I acted very stupidly and behaved like a child. It's true that I'm 29, but you know, men never come out of puberty. I have a colleague, let's call her Desi, at 24. We have been working together for about a year. As soon as we met, we liked each other, there was some attraction, chemistry, we flirted sometimes and I got carried away with it, but anyway nothing came of it. I had an affair when we met, and she later caught up with a boy. Although I never hid the fact that I was attracted to it. Anyway, we've both been single for about a month. I started flirting with her a little more diligently, we went to sports together once or twice and we agreed to go for a beer after work. So far so good, but at the last moment of the day we had agreed, something came to her mind. I think it really was, it wasn't a number. But I've noticed that whenever a meeting fails, from there the woman loses interest. So, Desi started to inflate and muffin from that moment. At the next call she was "very busy", she didn't pick up my phone when I called her, she wasn't happy. Abe, it feels good. In general, it is good for a man to be above these things. Well, yes, but this time I failed. It just so happened that at that time I had other very serious problems, so her muffin came to me a little more. And I call myself "what does she look like to me". I began to pass her like a ghost in the corridors, to avoid her. When he said hello to me, I spoke half-heartedly. Abe muffin was me for short.

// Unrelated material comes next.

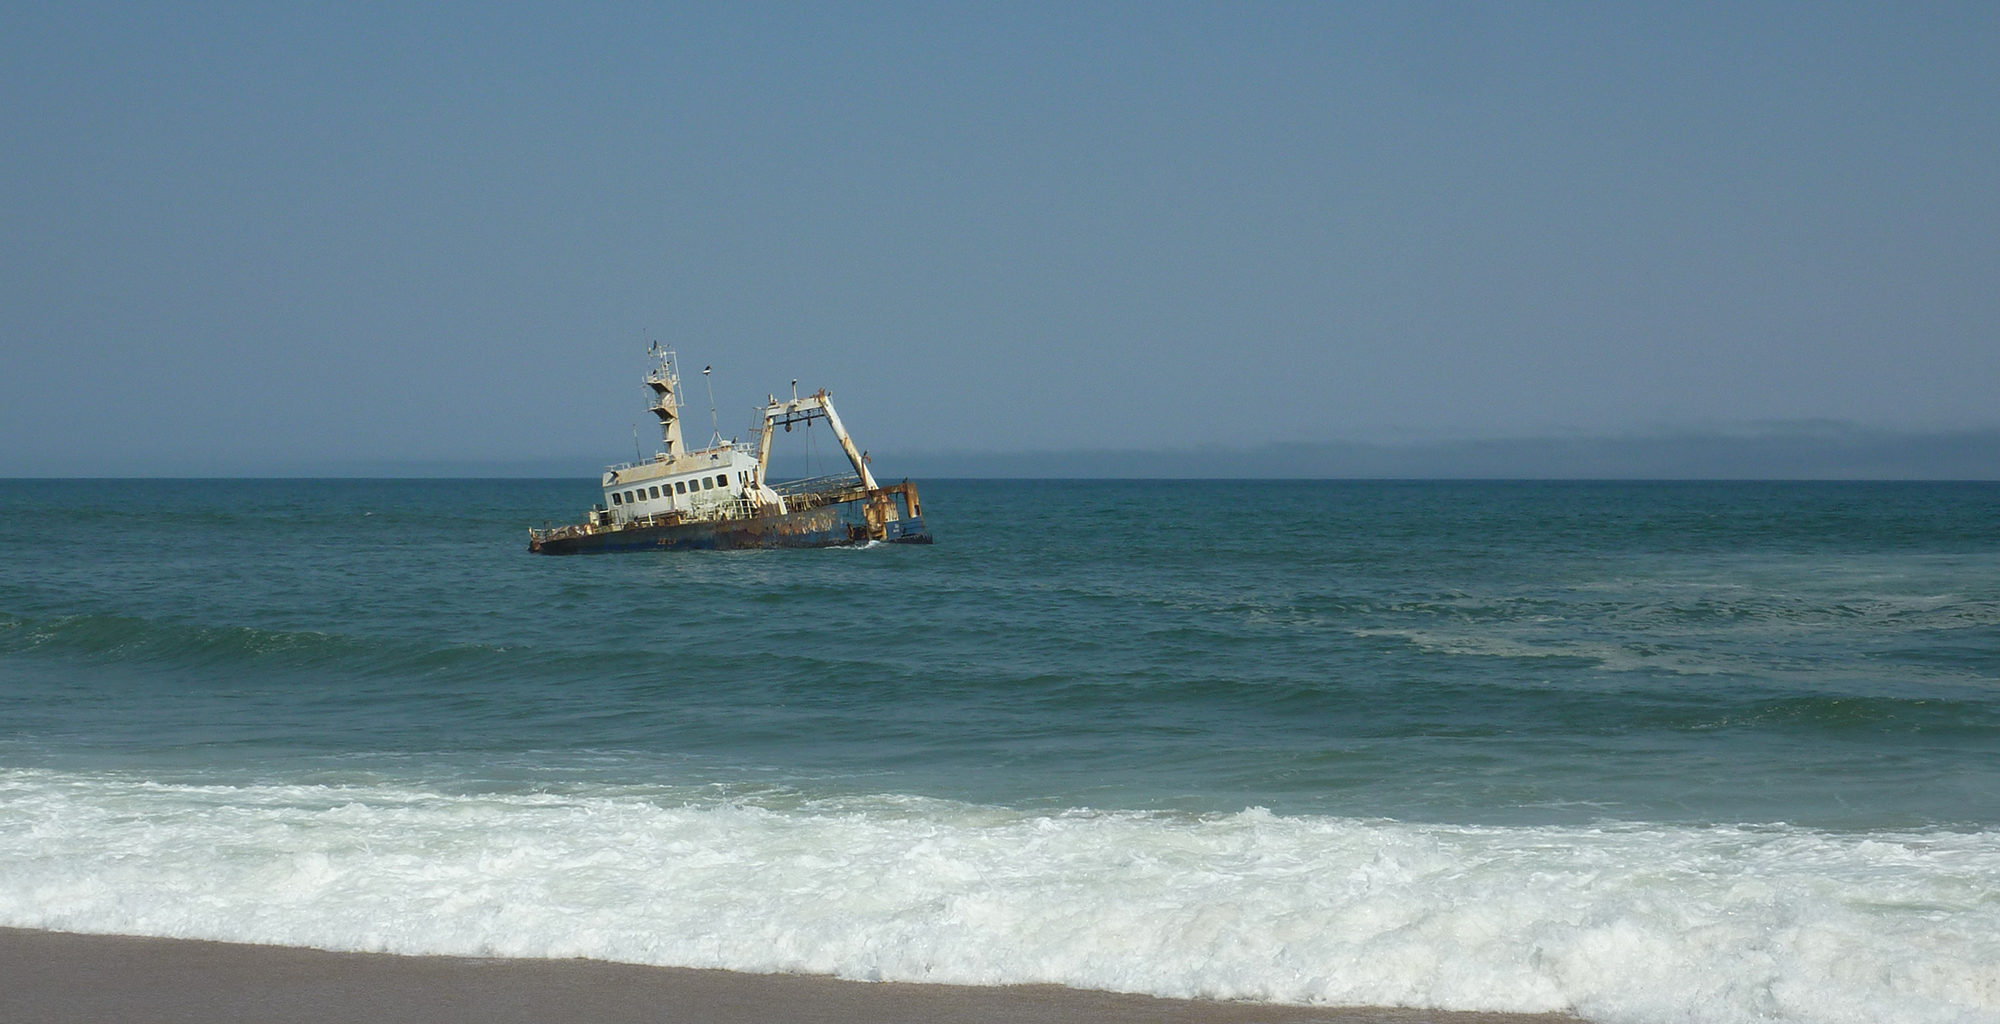 Namibia-Swakopmund-Boat

I knew how stupid my demeanor was, but it just came from inside me. And it is a mistake to show myself to a woman who is emotionally vulnerable. When asked if I was angry with her, I said something that everything is OK, that I have other problems, but it is clear that I am angry with her. It's stupid that I've already exposed myself to this attitude and I don't seem to be making the right move. If I go to her and talk to her, I come out weak. We can fix our relationship, but he won't respect me. If I wait for her to ask me again and tell her, it will be stupid. In reality, the boy is not to blame for anything, he is not obliged to pay attention to me. There was nothing between us, just jokes. Abe stupid thing, it just came together and I succumbed to emotions.
1 vagabond_ answered
in my opinion, the work has already soured, no matter whose fault it is. you say it yourself. orient yourself to another and leave Desi behind.